Do you want to jump off?

Much of this "rubbish" is part of "non-communicable chemical knowledge" still transfused from teacher (or the chemical literature) to pupil similar to an old-fashioned apprenticeship. The chemical formula language is not complete: We don't really know how to express a large part of chemical experience about a substance by means of its molecular formula. And when we try to apply a better theory, e.g. Quantum Chemistry, 'the more accurate the calculations become, the more the concepts tend to vanish into thin air' (R.S. Mulliken, J.C.P. 43,S2(1965)). Consider the popular concepts "electron pair bond", "double bond", "lone pair", "aromaticity", "VSEPR", "Electronegativity", "soft and hard acids and bases" and
many others: They cannot be justified rigorously by Quantum Chemistry! Hence, a good chemical education strives to develop several layers of reasoning, i.e. of "educated hand waving" (sic!) which allows to come to fairly accurate predictions of structure, stability and reactivity of a molecule. But, there is no guarantee of not being dead wrong once in a while, especially in a field in which one has no direct practical experience (think about how long it took to prepare compounds of Xe and Kr (later than 1962) although it was obvious before 1940, e.g. to Linus Pauling, that they very likely exist). A competent chemist uses all the tools available to improve his predictions, including Quantum Chemistry and an exhaustive, non biased, search of the pertinent Chemical Universe.

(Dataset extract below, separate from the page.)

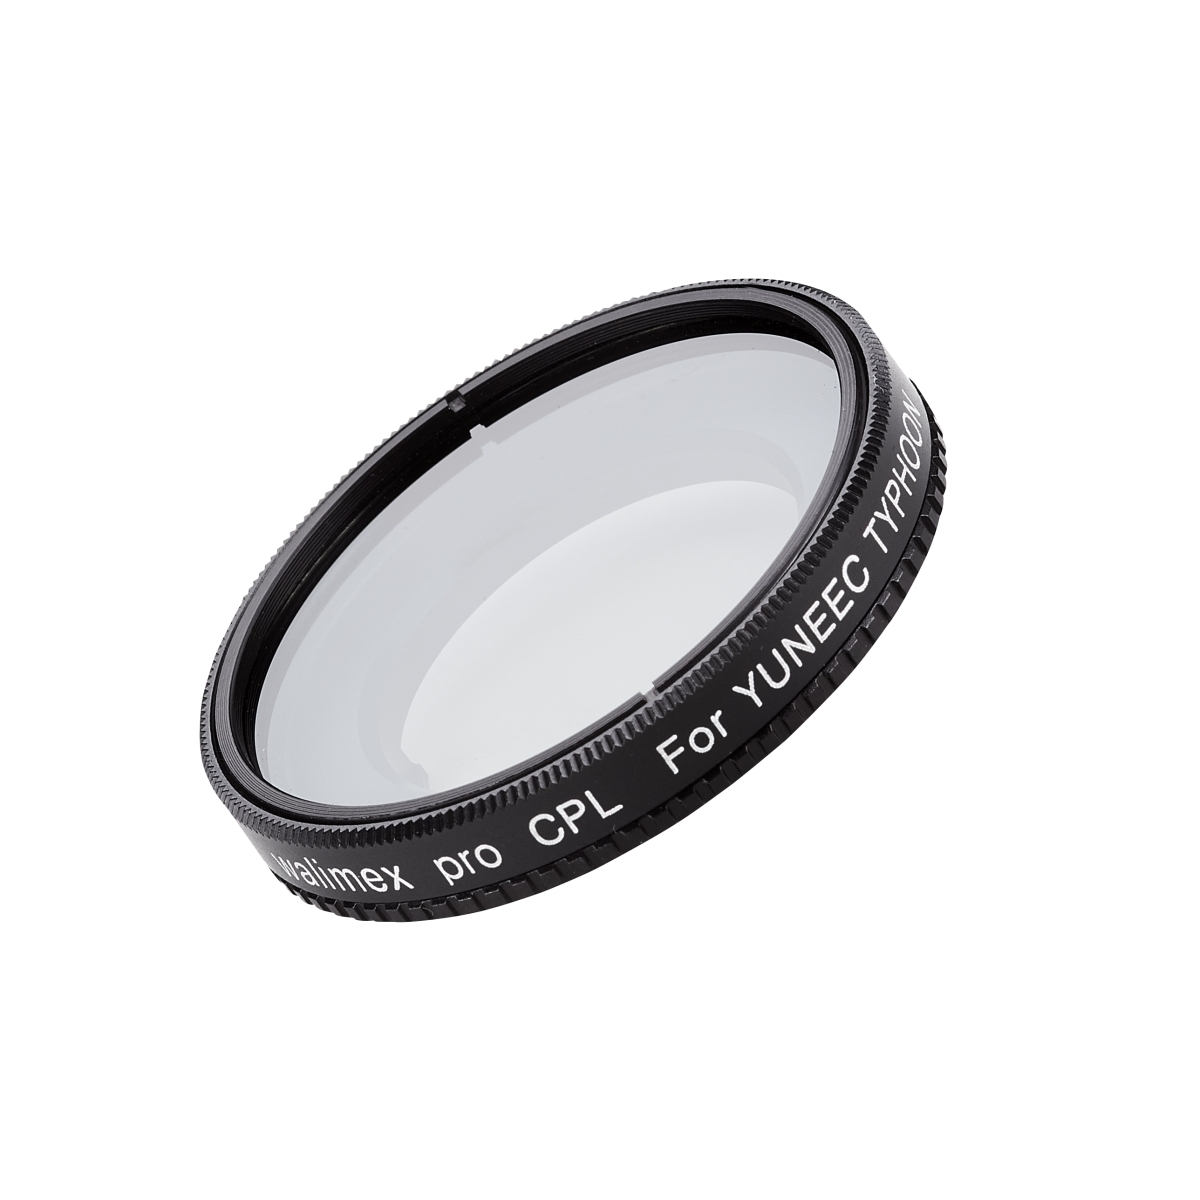 Walimex pro 3/4 CPL filter for Yuneec Typhoon
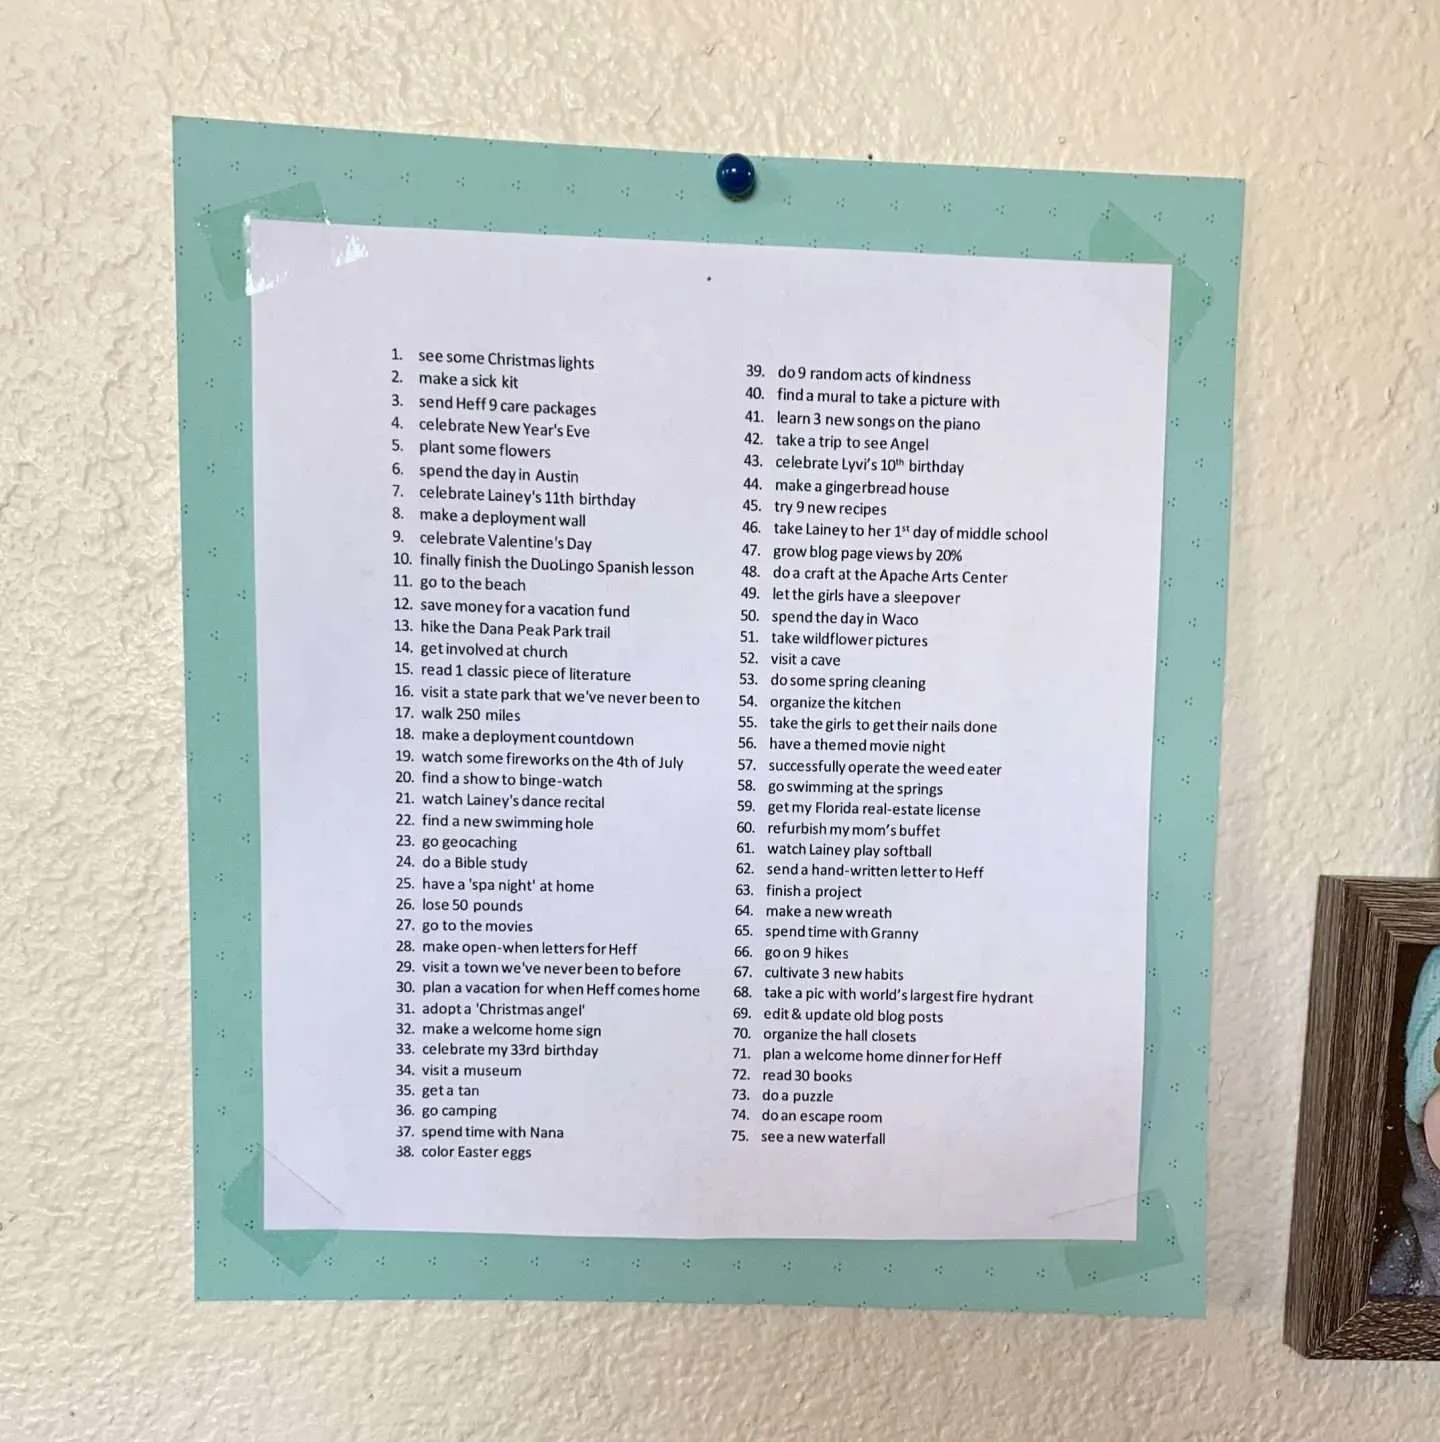 Don't forget to add your deployment bucket list to your deployment wall.

Several decades ago, W.E. Dasent wrote the booklet "Nonexistent Compounds" (Marcel Dekker Inc., New York,, 1965), which treated the subject of compounds with well behaved formulas but low stability for the first time. He tried to systematize some of the causes why simple rules break down, e.g. reluctance to undergo catenation by most elements except carbon (and to a much lesser extent silicon), instability of multiple bonds with π-π overlap with second (and higher) row elements, "inert pair effect", instability of highest oxidation states, etc. Most of what he found was not unexpected by knowledgeable chemists. His "explanations" have long been in the inventory of "non communicable knowledge", i.e. he did not give the communicable theory for the apparent "misbehavior". Furthermore, much of Dasent's types of theorizing have now fallen into disuse, and even disrepute.
Since Chefog starts with all combinations of the given atoms to a chosen class of molecules, many more instabilities come forth. The question is, whether today's advanced theoretical tools might shed light on the more subtle causes of them.